I'm going through the same exact thing as tjnoff is. I have a Champion 7000/9000w generator and I bought a "generator inlet" box that I mounted outside. I have that wired to my main panel and have a 30 amp 2 pole breaker. On the generator, I purchased a 240v L14-30 4 conductor cable that I plug into the generator and then into the inlet. From what I read, it's a white, ground, and two hots on the inlet and outlet on generator. Nothing else is connected to the generator. No ground, nothing for the 120v outlets, nada.

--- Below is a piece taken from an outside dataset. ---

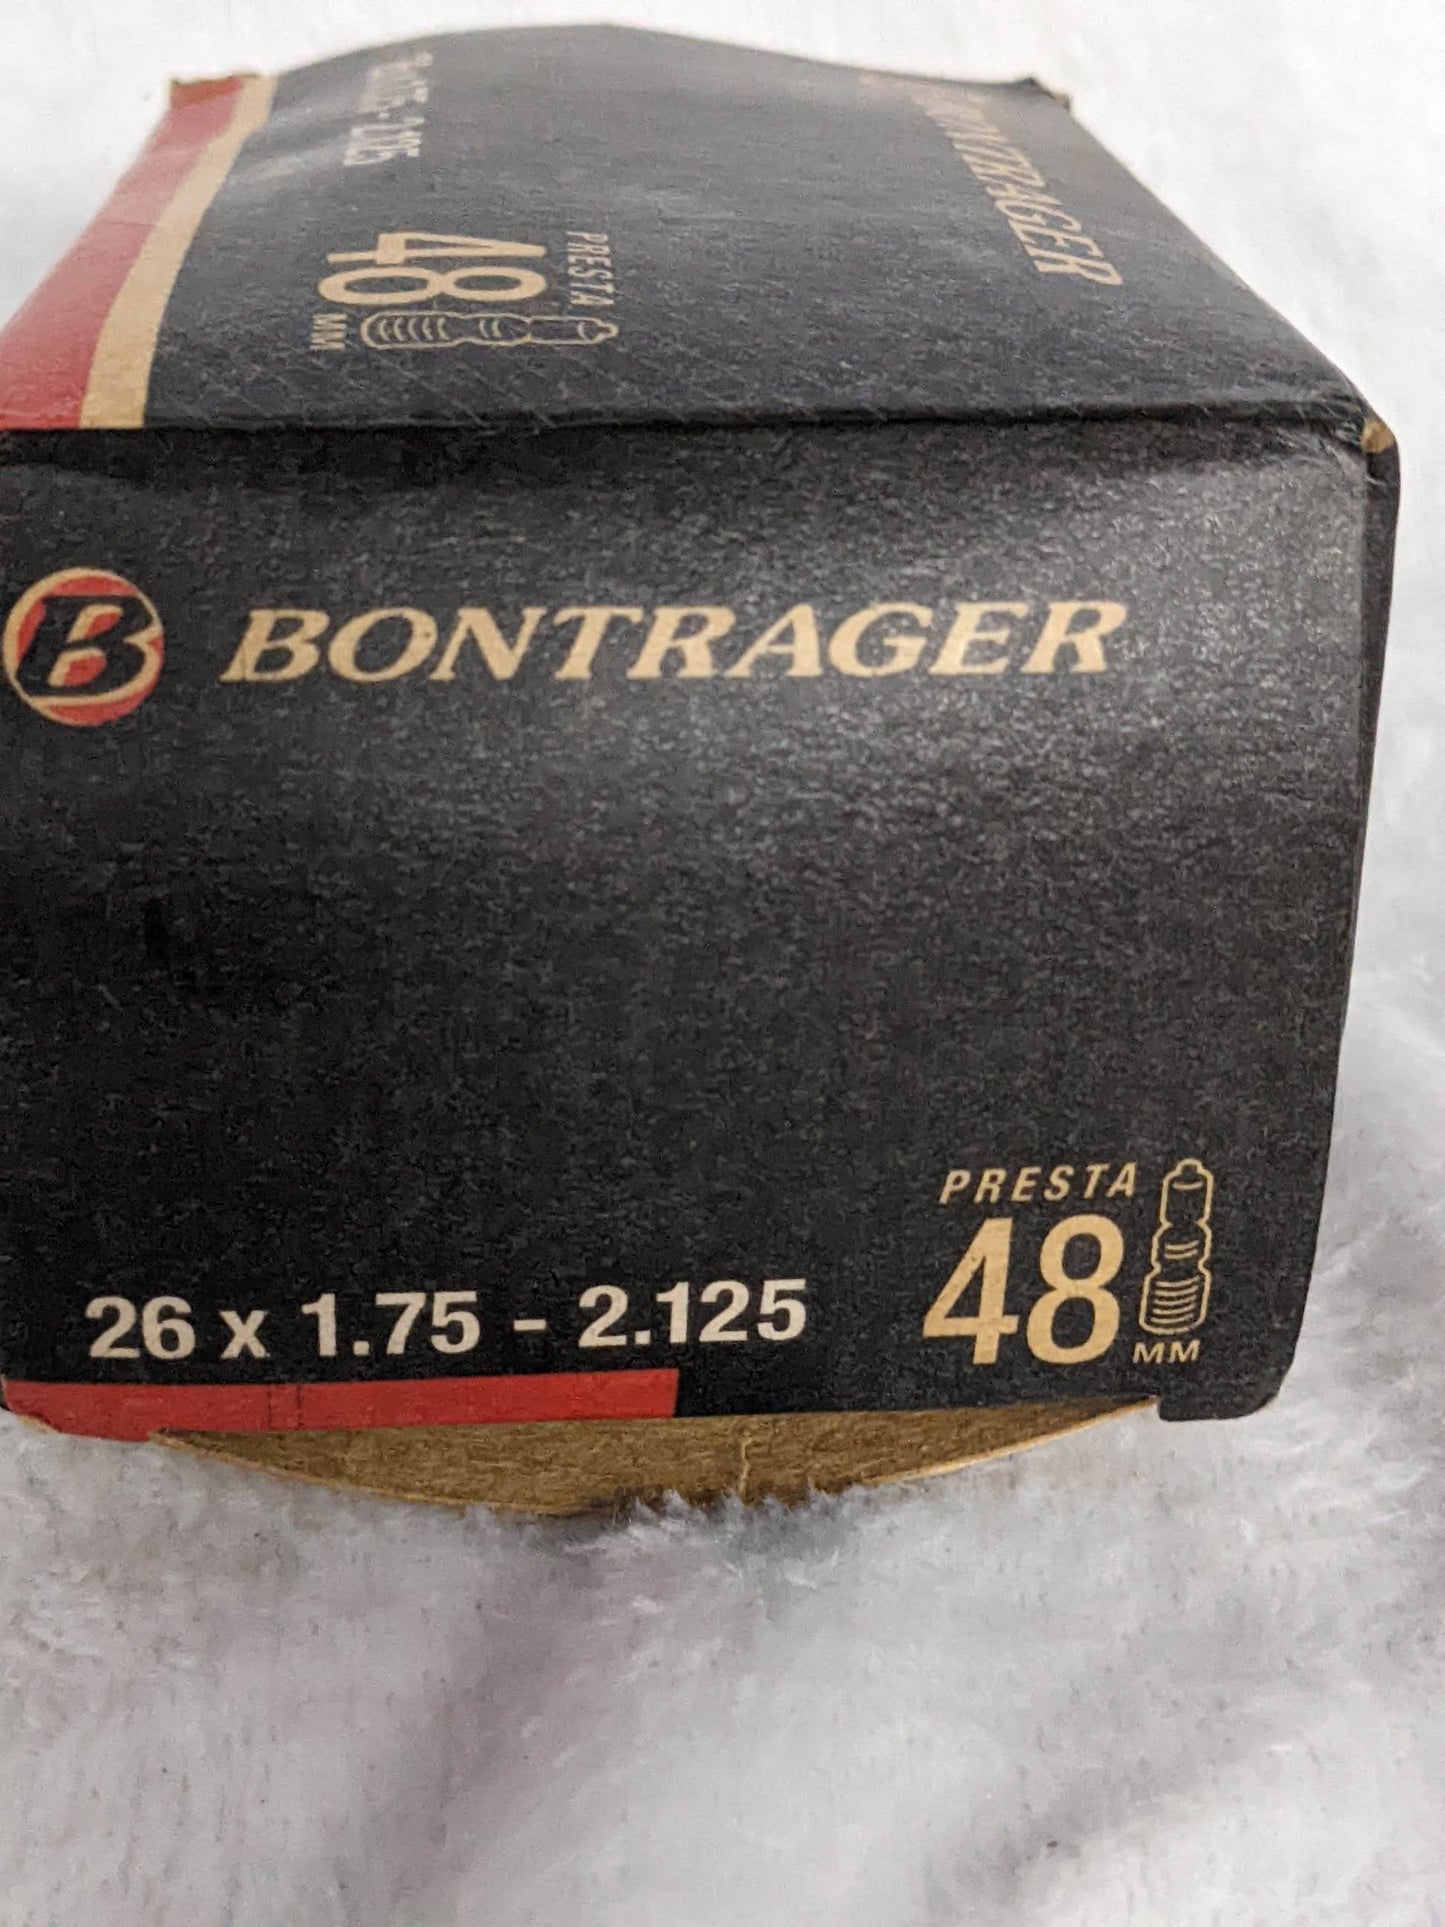 Bontrager Presta Bike Inner Tube Size 26 x 1.75 -2.215 Color Black Condition New

I assumed everything is grounded through the panel and sent to the generator via the ground in the cable. I want to do it the right way and that's why I'm asking.


Thanks!
There was a further discussion of this here: A discussion on the Proper grounding for portable generators

The consensus was that the best solution for wiring a portable generator to your main power panel (where neutral and ground are bonded together) was to run all four conductors (both hots, neutral and ground) from the generator through the inlet box to the power panel, and connect both neutral and ground to the panel's bus bar, but only if ground and neutral are UNbonded on the generator. This is probably a couple of wires in the actual generator part of your portable generator.

Also, were you ever to use your generator stand-alone, to power tools in the field, for instance, you MUST rebond neutral and ground on the generator.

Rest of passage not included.